In the village square, a new, weird platform was erected. It stood bare, deprived of a podium or chairs, with the head of the village standing atop it harsh and salient. He waited a long time for the crowd to quiet and began to speak.

“It has always been our way back when the village huts were made of mud. We all know it and adhere to it. To survive here, we have but two rules. The first is we share! The bad and the good, we share the load and the fruit so that we will survive! So that we all thrive! The second is much more important: we say only what needs to be said to a person. We will never insult or congratulate someone to his face.” From the crowd, there was a scream, “But we’ll tell his friends all about it!” All laugh in agreement, The shadow of a smile lingered on the village head's face for a second, “That is more true than not, I'm sorry to say. So we all know about the treasures! We have discussed them in length in hisses and hushes. Aye, the village has many treasures buried under our huts, but our way prevents us from sharing them. I hereby sentence all of us to solitary confinement in our huts until we all decide that we know where the treasure lies. When we are sure each person certain of a treasure can leave his hut and, at the stroke of midnight, start digging. We are only worthy if all treasures are found, and no empty hole is dug. So go home, ponder, and when you feel it's your time to dig, dig.”

And with that, the villagers return to their homes, each armed with their private information, the knowledge of every other villager's treasure status but their own. As the sun sets, the village is silent in anticipation. This silence, however, is not mere tranquility; it's the manifestation of Mutual Information, a concept rooted in the fundamentals of information theory.

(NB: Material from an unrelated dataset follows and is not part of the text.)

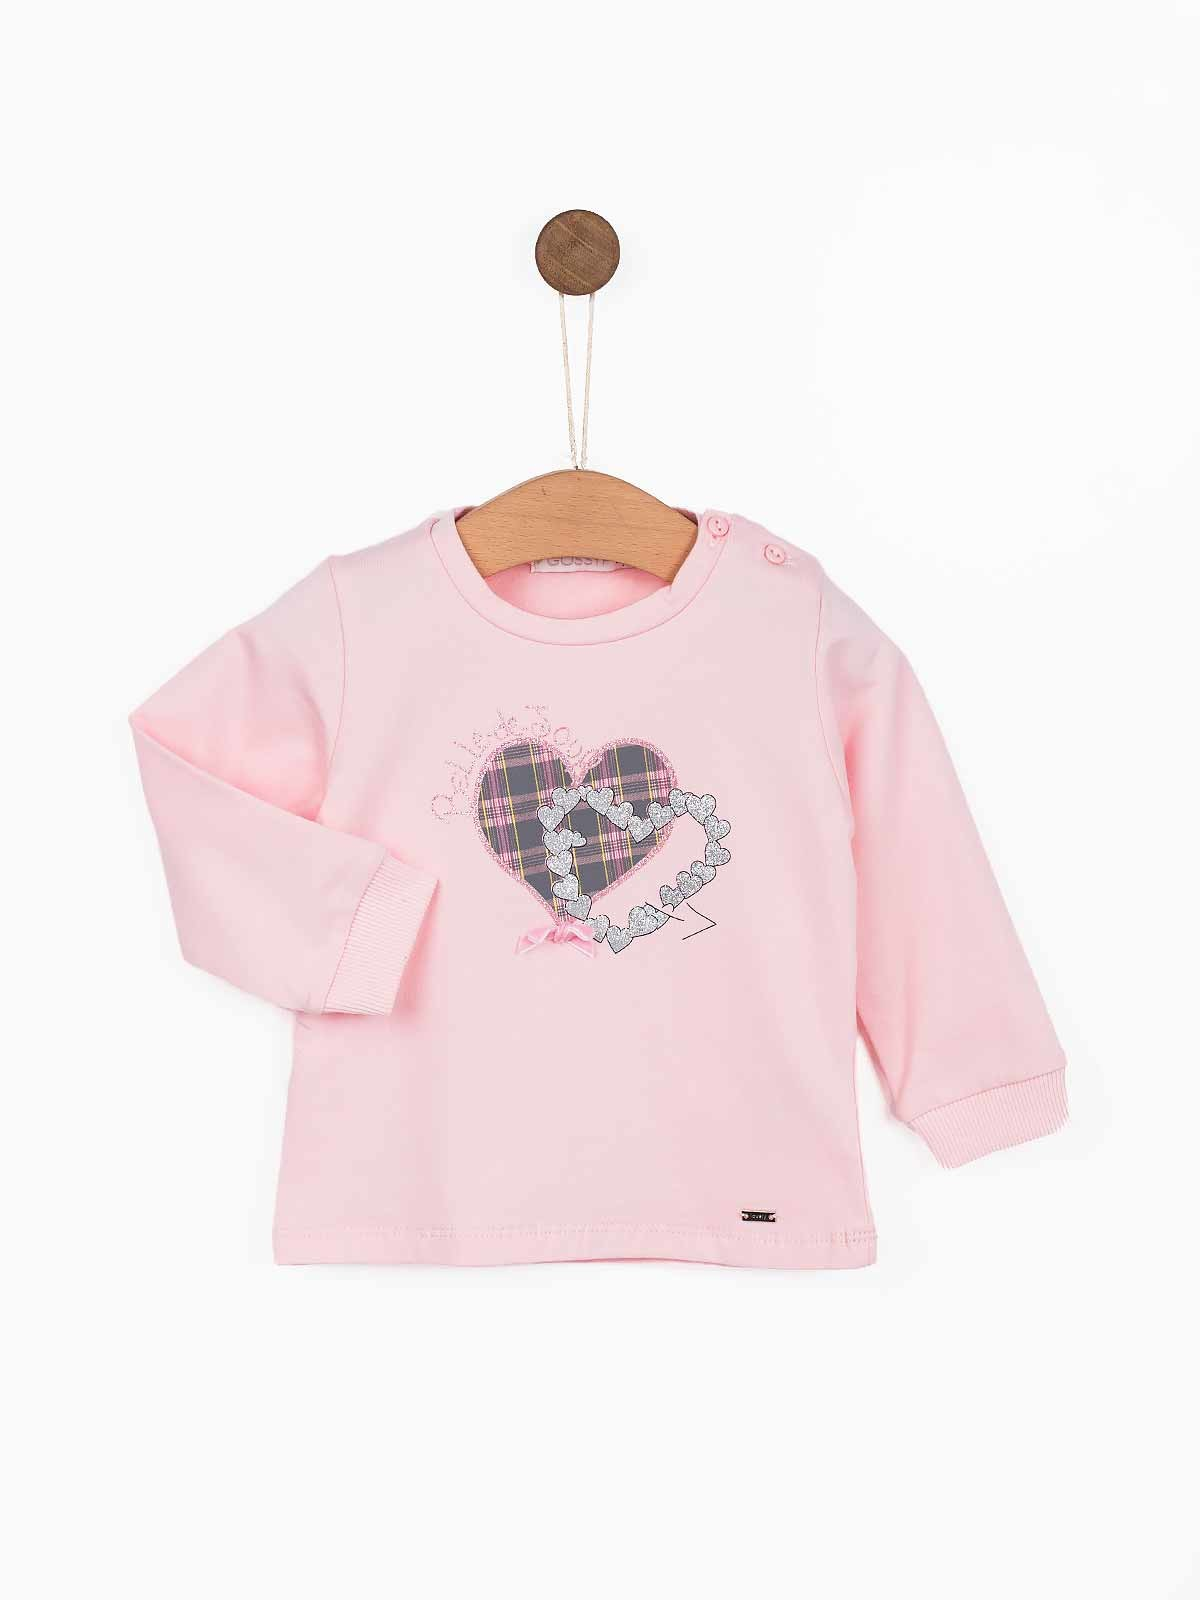 Camisola manga comprida corações

Mutual information measures the information that one random variable (in this case, one villager shares with another villager). It quantifies how much knowing one of these variables reduces uncertainty about the other. Over the next three days, we'll see how this concept plays out in the village and how it allows the villagers to find their buried treasures.

So can you guess? On the stroke of midnight on the third day, the sounds of shovels hit the ground, and a sigh of relief was heard. One group that knew about three treasures went to bed, knowing that there was none buried under its hut. The other group was out digging as the night before convinced them that they, indeed, had a treasure. So how did they all know without speaking or gaining new knowledge?

The answer is elegant and simple. During the speech, there were two types of information in the crowd immediately. Most people were told and thus knew about three treasures, but only three individuals knew about two. The entire village slept the first night soundly because they all knew there was at least one treasure, but on the second night, the three stayed awake. Listening. If they knew about all treasures, they should hear the digging start. But it was quiet, and now their knowledge was complete. They indeed had a treasure.

But now, let’s imagine this is one of many villages, each with its own propensity to find these treasures magically. Le’s measure these villages’ treasure-finding probability per day over a year.

In the beginning, our 10 villages were identical in their probability of finding treasure per day, and in the MI talk, we can’t know where a villager lives if he told us how many treasures he found last year as the joint distribution (the average distribution of all villages seems very similar to each village).

But as villages change and the spirits play their game, each village develops its own unique identity. As they do, the joint distribution describes them less and less.

The distance between the joint distribution and the average distribution in terms of entropy is the formal meaning of MI. In this case, MI = 0.281. This means that if a villager were to tell you how many treasures, on average, their village finds in a day, it would lower your uncertainty by 0.281. To get an intuition about what this means, let’s dive into what it means to “know” something.

Well, we have 10 villages. To guess the home village of a random villager, we would need to eliminate 9 erroneous villages. As each bit of information lowers our uncertainty by half, the first bit leaves us with 5 villages, the second bit lowers it to 2.5 villages, and so on, so to be completely certain, we would need roughly 4 bits.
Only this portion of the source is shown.